# EXERCISE DIRECTIONS
Line by line, transcribe the data below exactly and pass over the images.

# GIVEN MATERIAL
<<<<
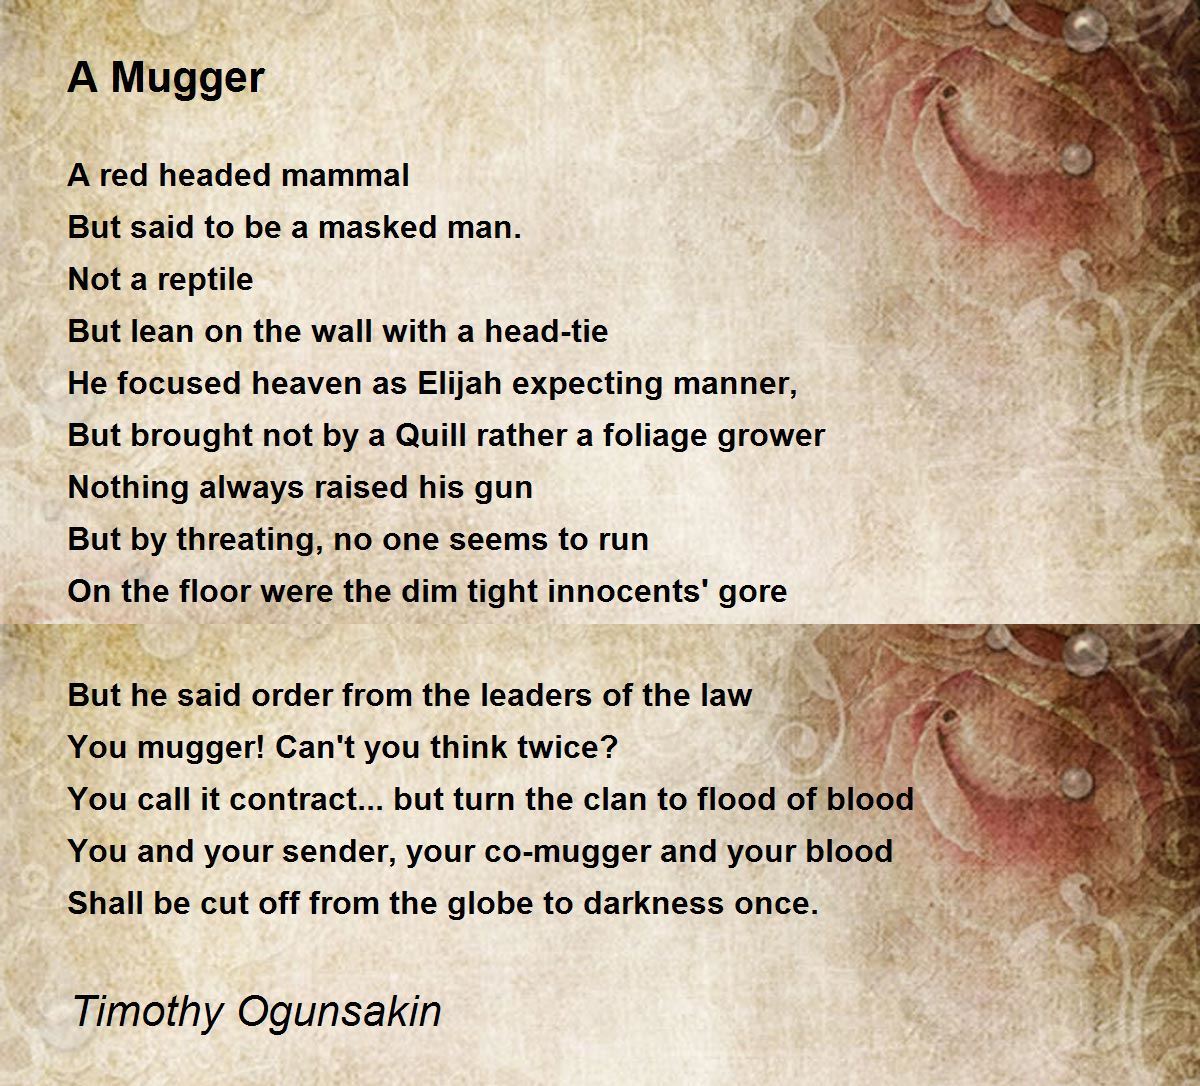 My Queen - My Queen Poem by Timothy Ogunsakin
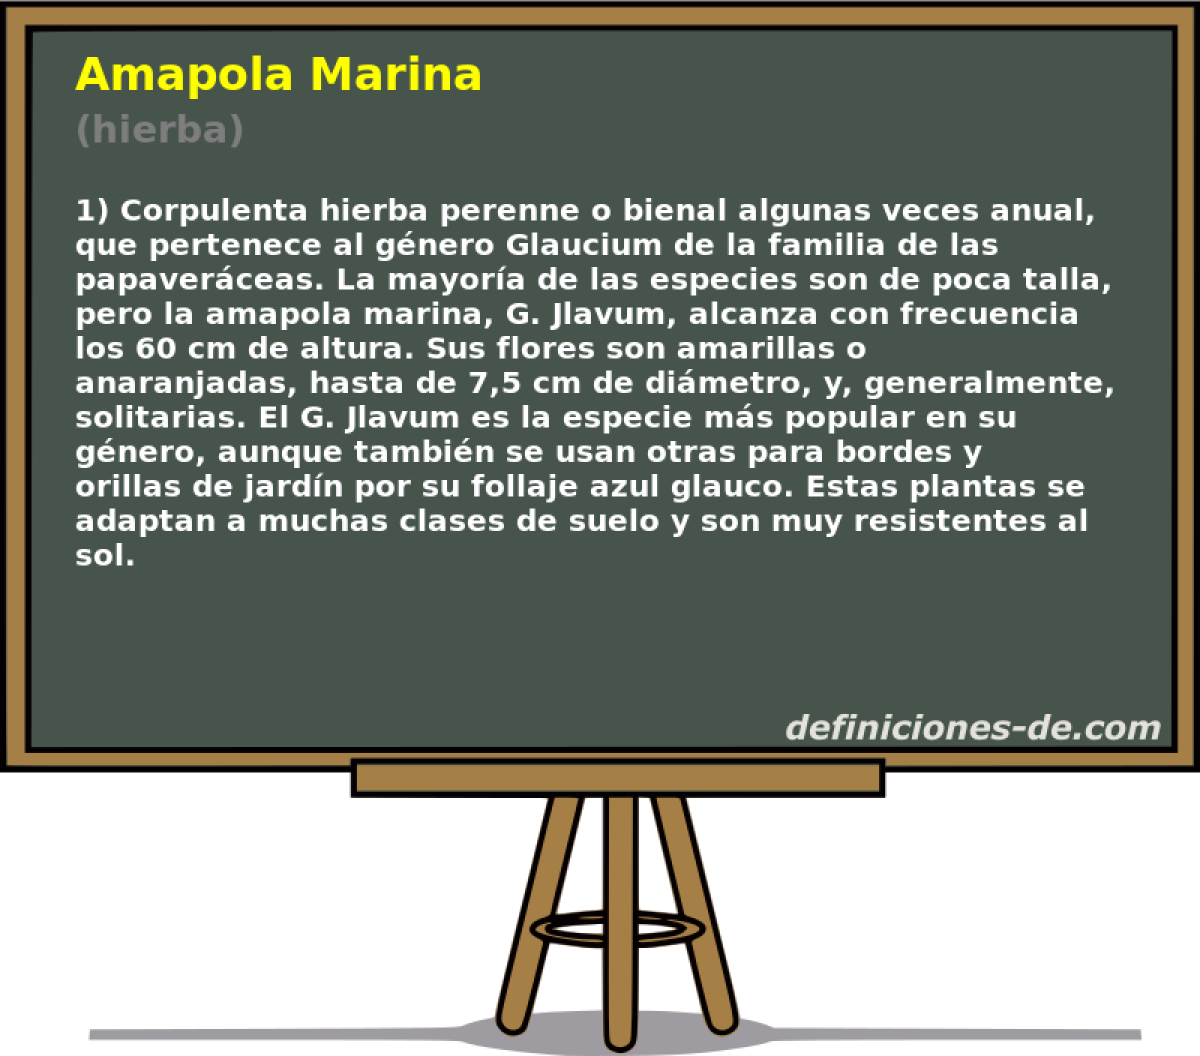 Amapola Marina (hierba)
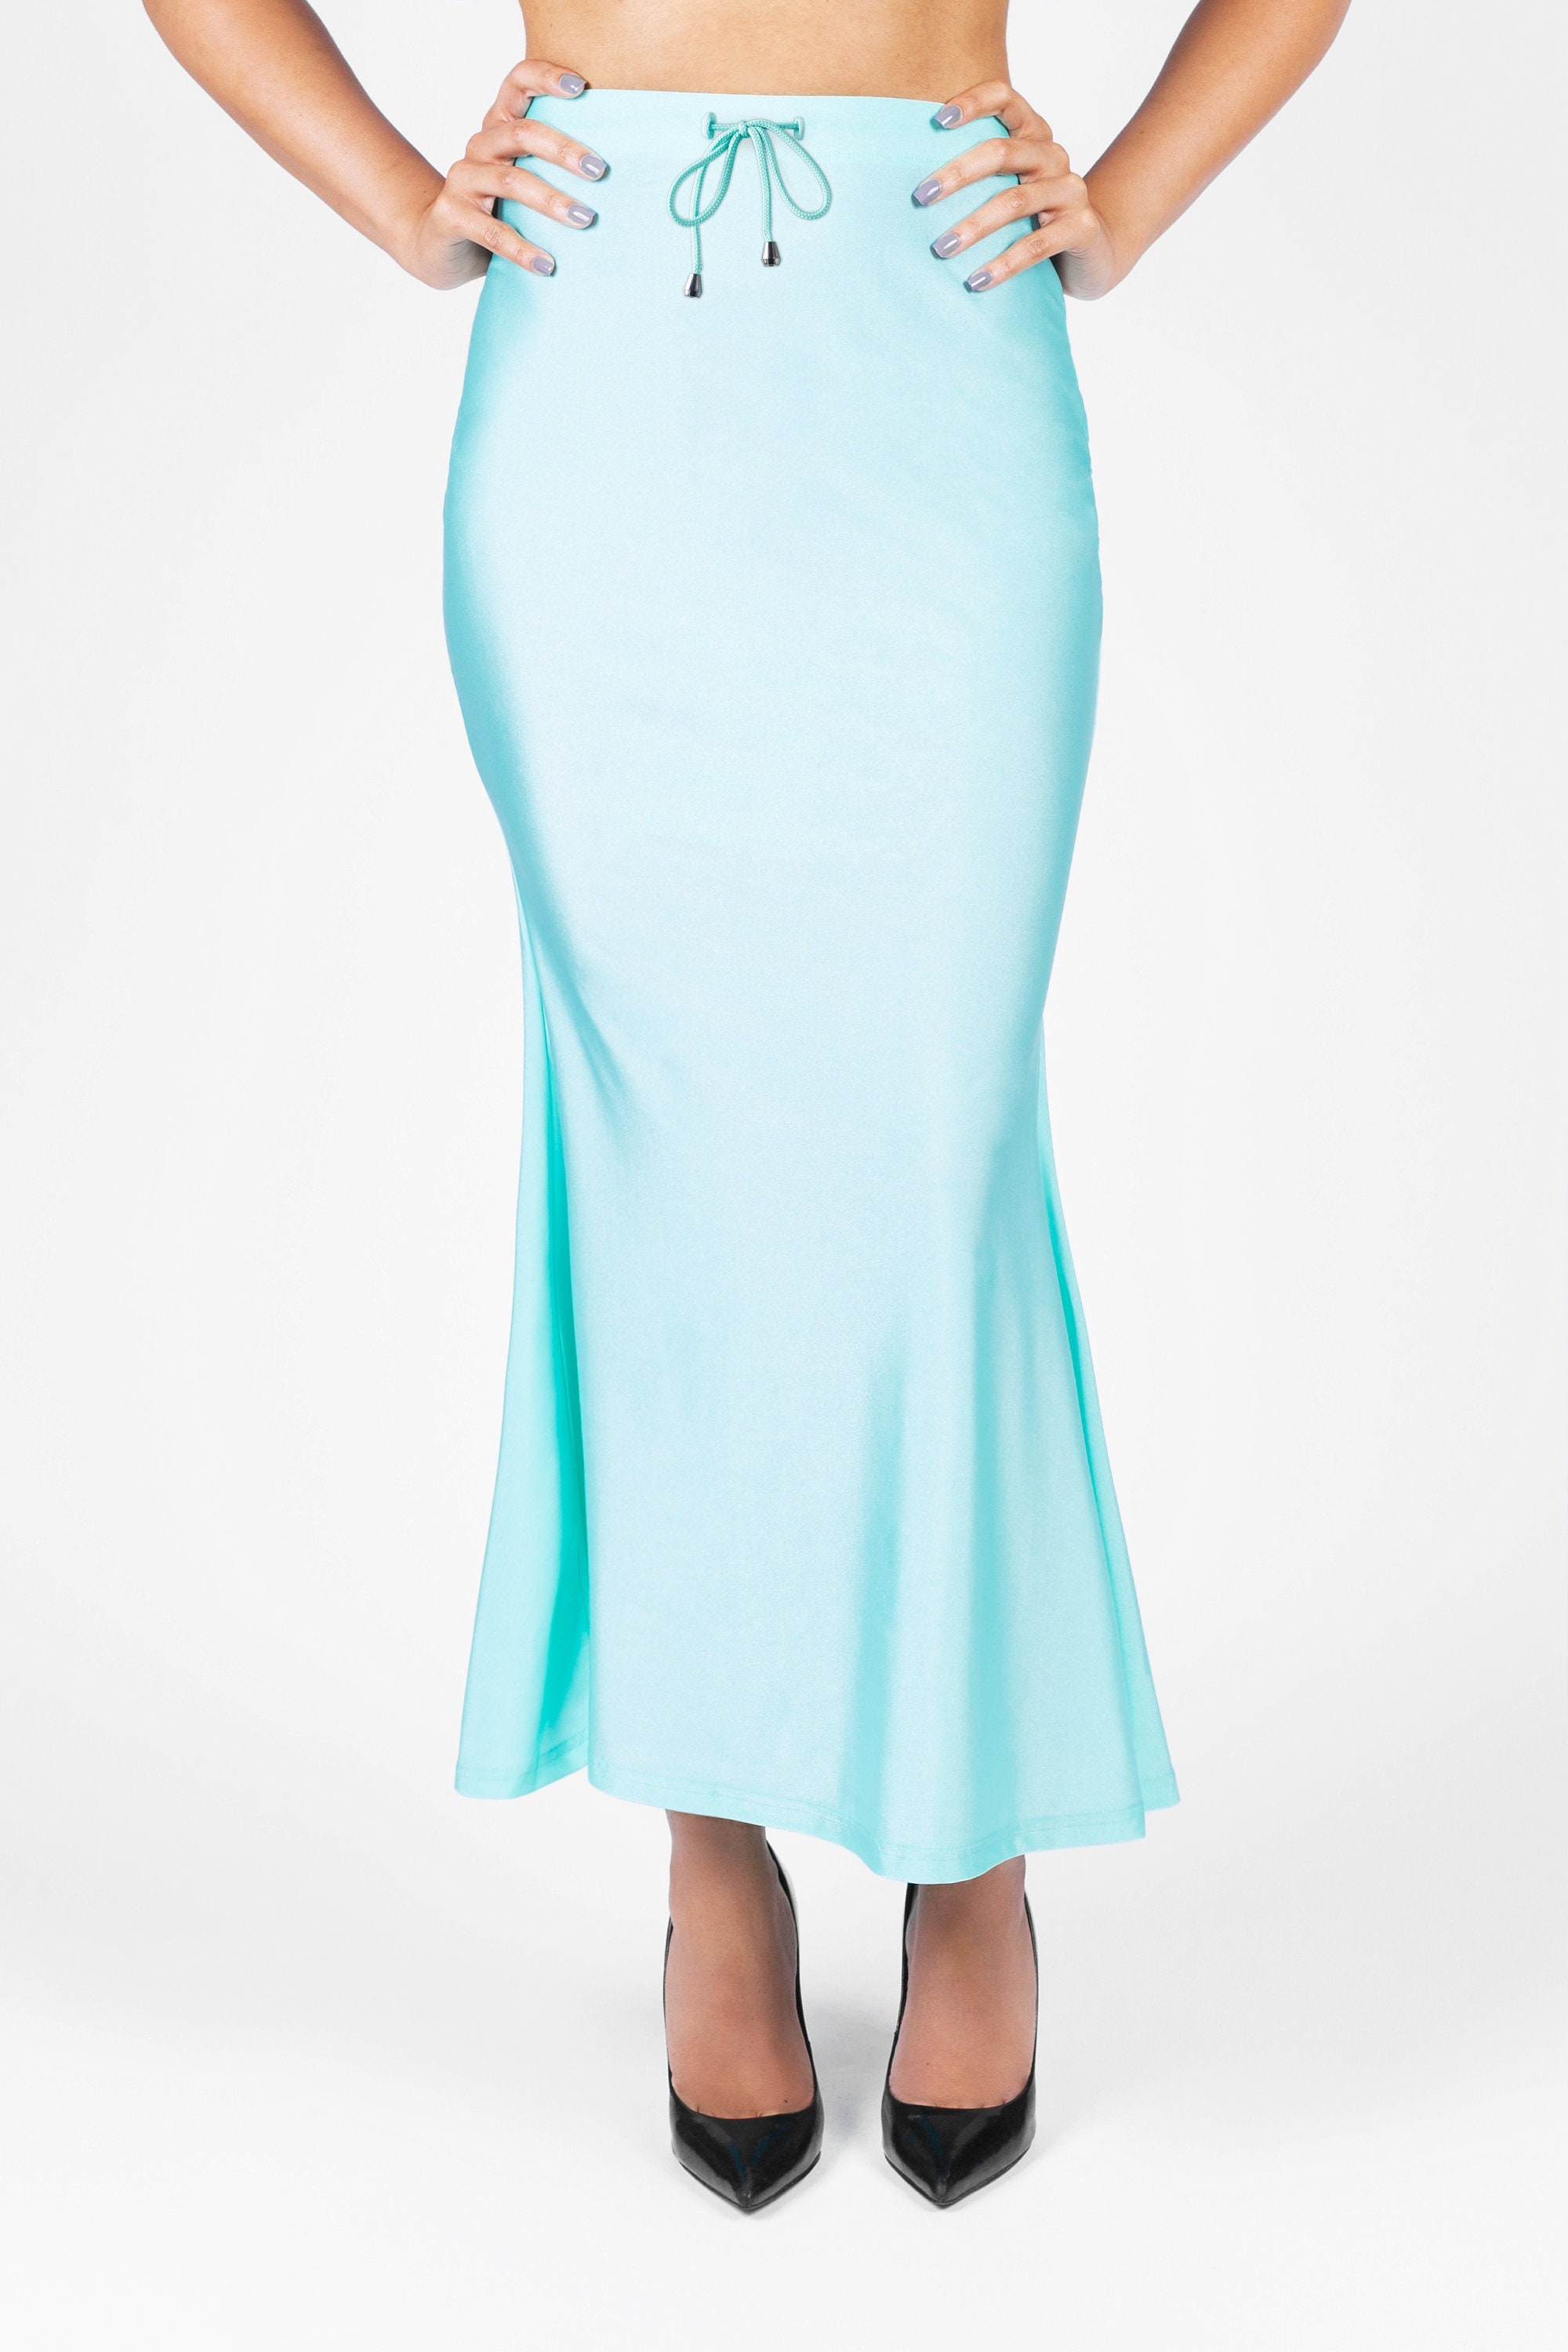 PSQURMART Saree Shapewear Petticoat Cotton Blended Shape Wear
>>>>
# ANSWER SPACE
 My Queen - My Queen Poem by Timothy Ogunsakin
 Amapola Marina (hierba)
 PSQURMART Saree Shapewear Petticoat Cotton Blended Shape Wear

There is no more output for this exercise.